If you have all this together and have your group of shareholder perhaps get in contact with a local accountant who could help you dealing with the company directors.


----------



## ang1170 (19 May 2014)

I know it's a bit late, but for BES companies I've been involved in there was always a shareholders agreement put in place at the time of the investment. Regardless of who the promoters are or how well you know them, I think this would be a sensible precaution to take.

 Without an agreement, minority shareholders in private limited companies have very little power over what they can do.


----------



## Good dog (16 Jun 2014)

laois1 said:


> I also am aware of someone who invested in a BES scheme related to the recycling business 2 years ago. Was promised by the director verbally that all BES money would be repaid in full. Got a call this year to say that things not going well with the company and that the directors are trying to sell the company at a loss. Will mean investors only get an offer of 10 % of their original investment back if buyers can be found. They have had the benefit of tax relief but even still will have to endure a substantial loss on the initial investment amount. There was a put and call agreement in place. Not sure if they have any comeback. All these BES schemes were heavily advertised in the Sunday business post annually. None mentioned the high risk nature of the schemes. Also I think there may be a tax clawback if the company folds making the losses even higher.

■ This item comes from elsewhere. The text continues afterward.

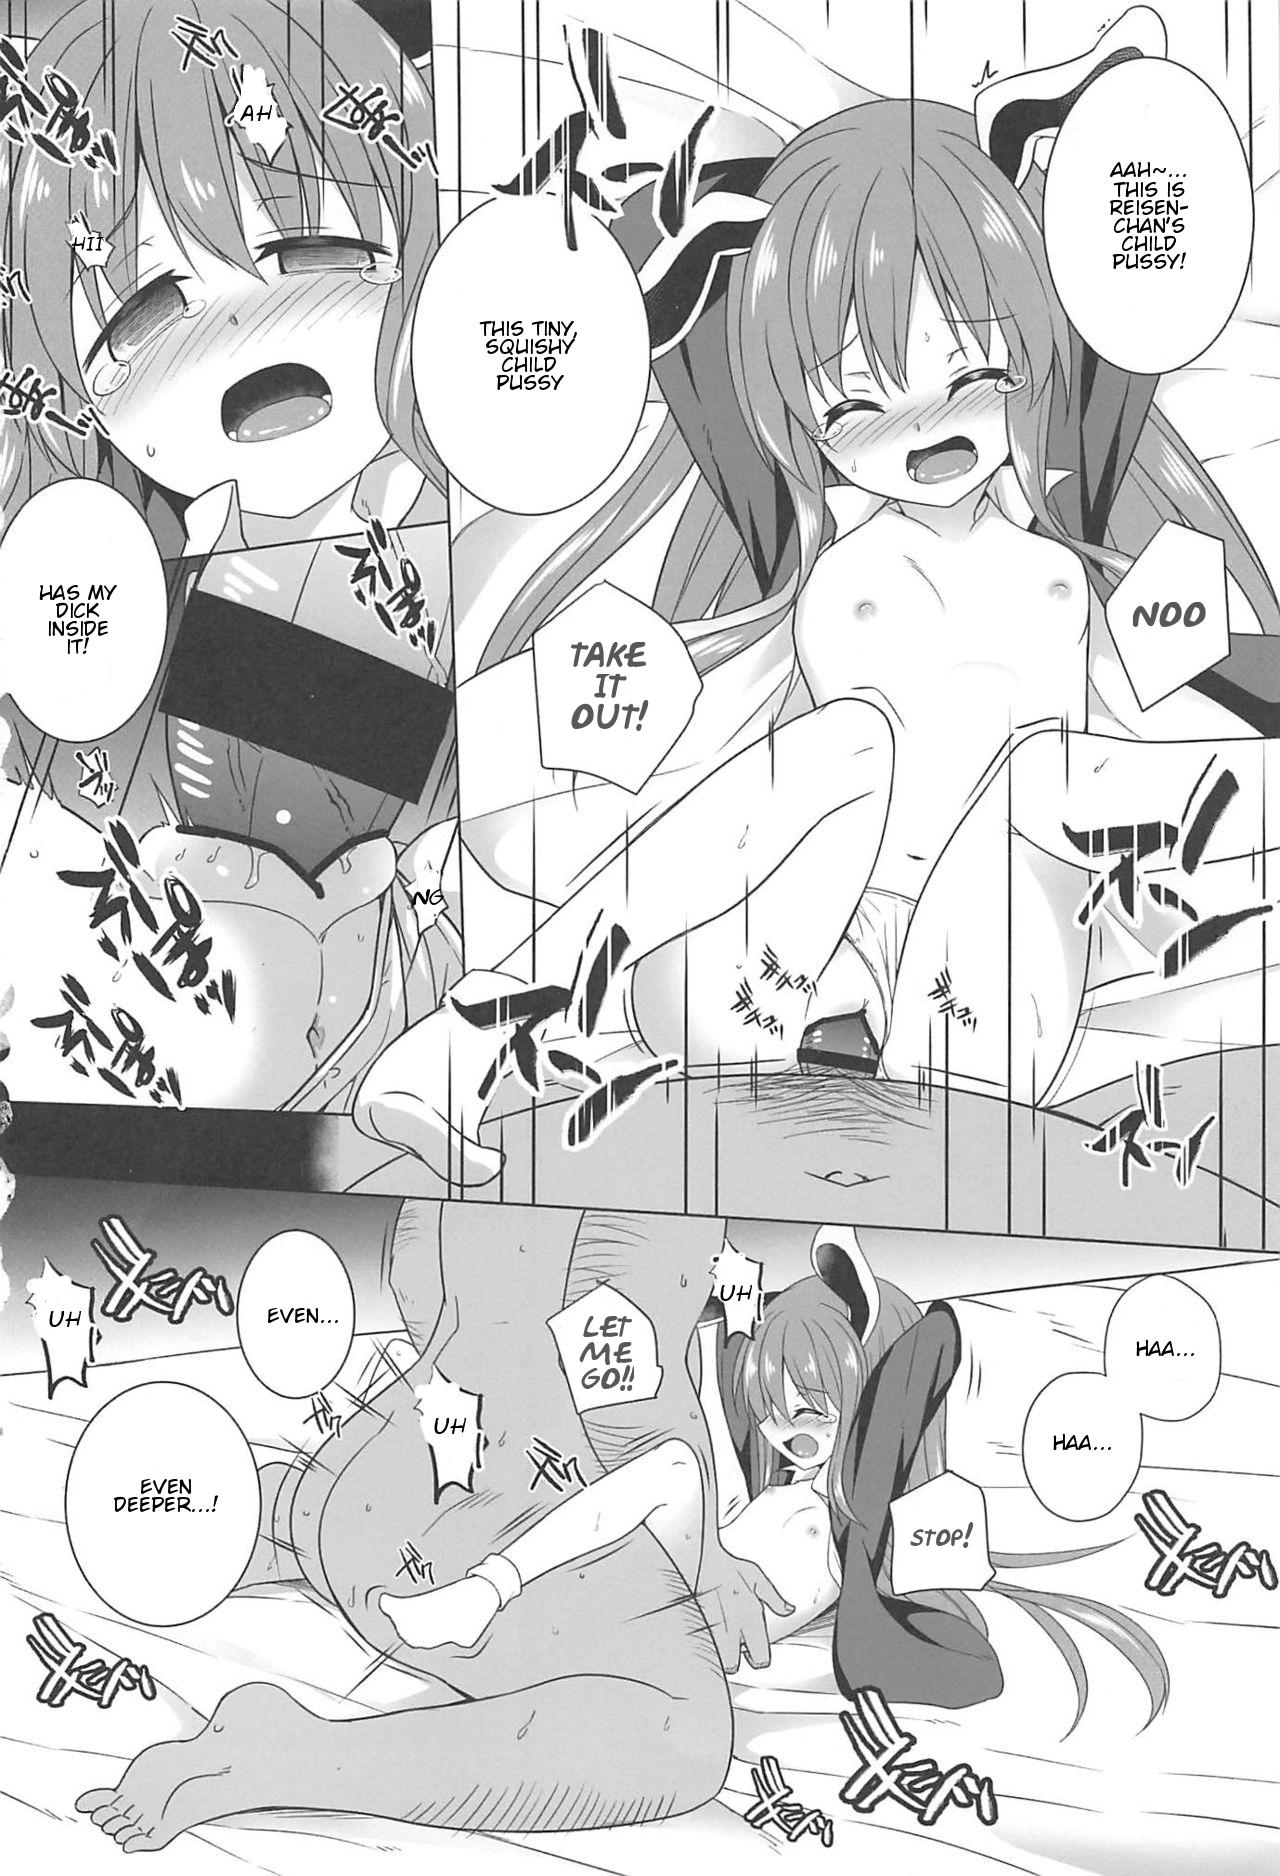 Picked Up Tsukito Haramiki Udonge Kankin Haramase | Moon Rabbit Pregnancy Records - Udonge's Conception in Captivity - Touhou project Wet Cunt - Page 9

I know the company that you are referring to, I think at this stage the investors will not recover even 10% of their investment.


----------



## Good dog (16 Jun 2014)

I know some details of a larger fund, about 5 million was the fund value it now appears to be 'managed' by an off-shore company. I am aware of one operation that received over 1 million euro for a hair brained idea, it seems this 1 million was badly managed by the recipient and also by the firm managing the fund over the five years of the plan, the 'hair brained' idea never materialised but the 1 million was spent. I would certainly question the legality of the behaviour of both parties were I an investor in the fund. This firm has not paid back any of the investment. 
Should anyone that was an investor in a fund wants to pm me, perhaps I can assist.


----------



## Geoff (28 Mar 2015)

Be very careful of BES investments!There are too many companies like  "operating" in Ireland ....


----------